Tous les deux, finalement, nous serons très en avance. Francis nous isolera, puis nous oubliera bien un peu, là-bas, au fond de la librairie. Bien calfeutrés, nous y parlerons de Montaigne, beaucoup, de notre métier, un peu. Puis ce sera l’heure. On vient nous chercher. Sans trac pour Pierre, tant pis, cette fois aussi, j’en aurai bien assez pour deux. Cahin-caha d’abord, l’entretien s’est bien déroulé, il n’a rien d’un débutant, Pierre Bergounioux, pas comme moi. Fin de soirée, après un restaurant, nous le raccompagnons à son hôtel. Il s’étonne, Pierre, de la hauteur écrasante de la cathédrale. Et de sa flèche unique. Hugo ne la désignait que comme le « Münster », dans le Rhin. La Cathédrale. Il exagérait bien un peu. Lui avais-je dit cela?

La routine a repris ses droits. Écrasants. Jours, semaines et mois se sont accumulés, enfuis, enfouis. Oubliés. Les tracas eux aussi, c’est toujours ça. Pour mieux leur échapper, un jour de juillet, on lira sur Tiers-Livre que François Bon ouvre un atelier d’écriture. On lui écrit, pour s’y inscrire. Il accepte. On envoie des photos, dont celles d’octobre, mais peu. Il est à New-York, mais il répond. On en renvoie d’autres. Il écrit: « Et un peu d’écriture avec? », et signe F. On panique. Les tracas! On explique que l’écriture s’est bloquée loin, et c’est vrai, on envoie quelques vieilles mauvaises pages, un peu par mauvaise conscience; on feint de ne pas comprendre. On prend son vélo, son appareil photo tout prêt, accumulateur chargé, et c’est tant mieux, parce que dehors, il fait déjà chaud.
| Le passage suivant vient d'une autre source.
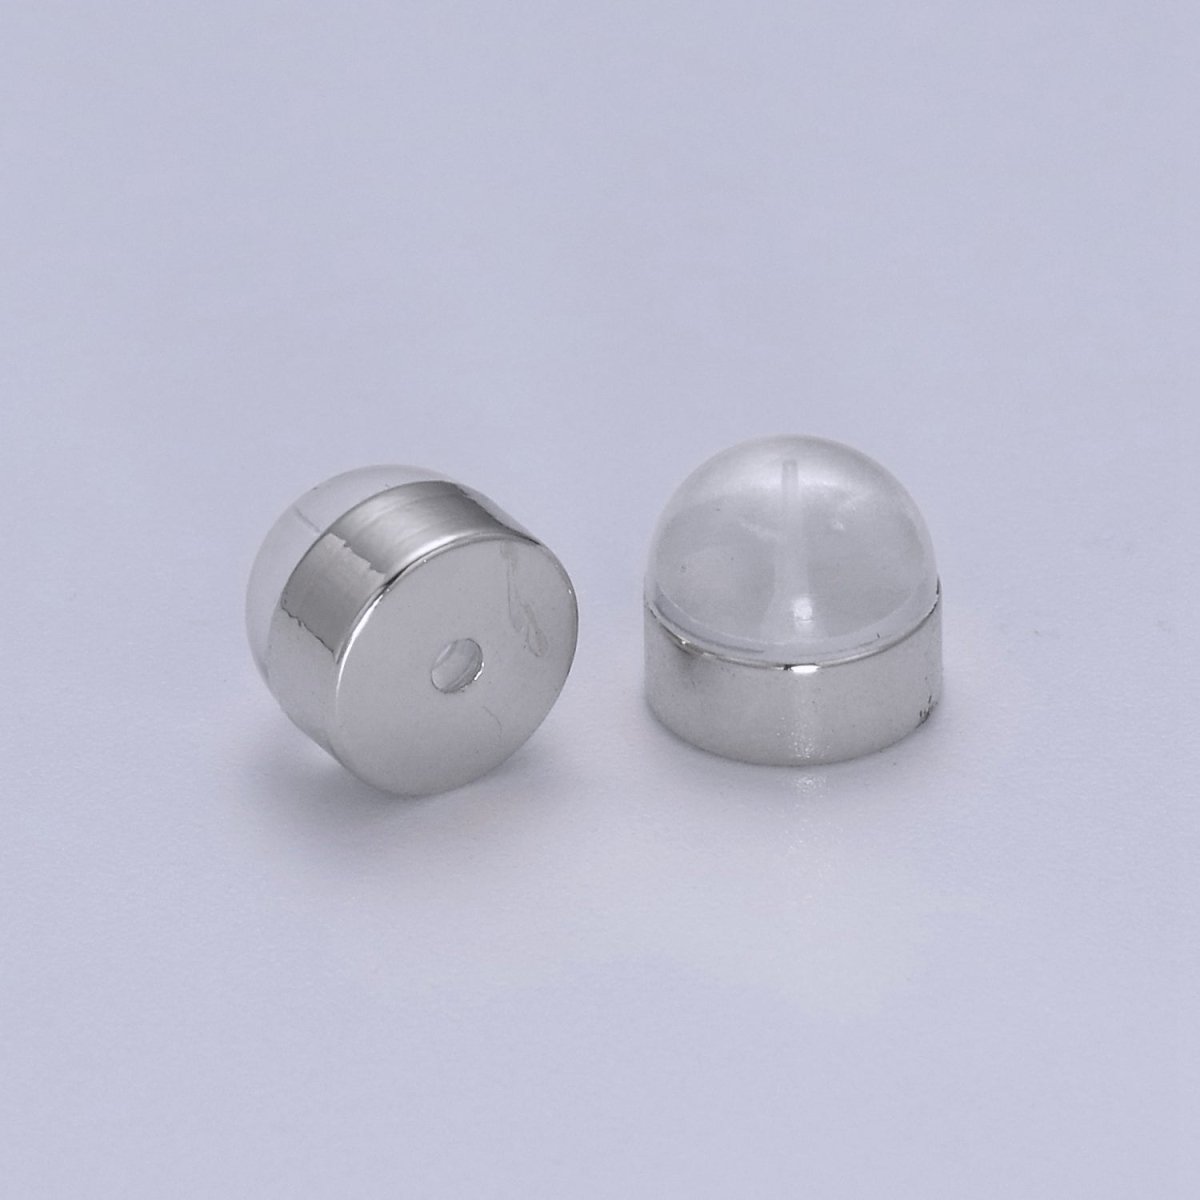 Soft Silicone Earring Backs for Studs Gold/Silver Rubber Earring Backs Replacements Hypoallergenic Safety Plastic Earring Back for Earring K-217 - DLUXCA

On pédale, on s’arrête, on regarde, on photographie. Quand on rentre chez soi, trois heures plus tard, on visionne à l’écran. On voit là un port aux pétroles, un bureau de poste 1900, très stylé, au milieu des darses, des cuves gigantesques dont on ignore jusqu’au nom, des trains de marchandises à l’arrêt, des citernes en procession, une écluse, un pont ferroviaire tournant. On n’avait plus mis les pieds par là depuis l’enfance. Comme un éclat de rire, par-dessus tout cela, on voit surtout qu’il y a le « Münster ».

On comprend soudain qu’à sa manière, depuis des mois, on photographie aussi des radiales-villes. En bon Monsieur Jourdain, on n’en fait rien.

Et maintenant qu’il est tard, qu’on termine à grand’peine ce texte, qu’on va se mettre à le taper, pour le décanter, on compte beaucoup sur François, qu’on ne connait pas, pour nous tirer de ce mauvais pas. Et c’est décidé, pour me faire pardonner, j’enverrai deux ou trois photographies. Aussi.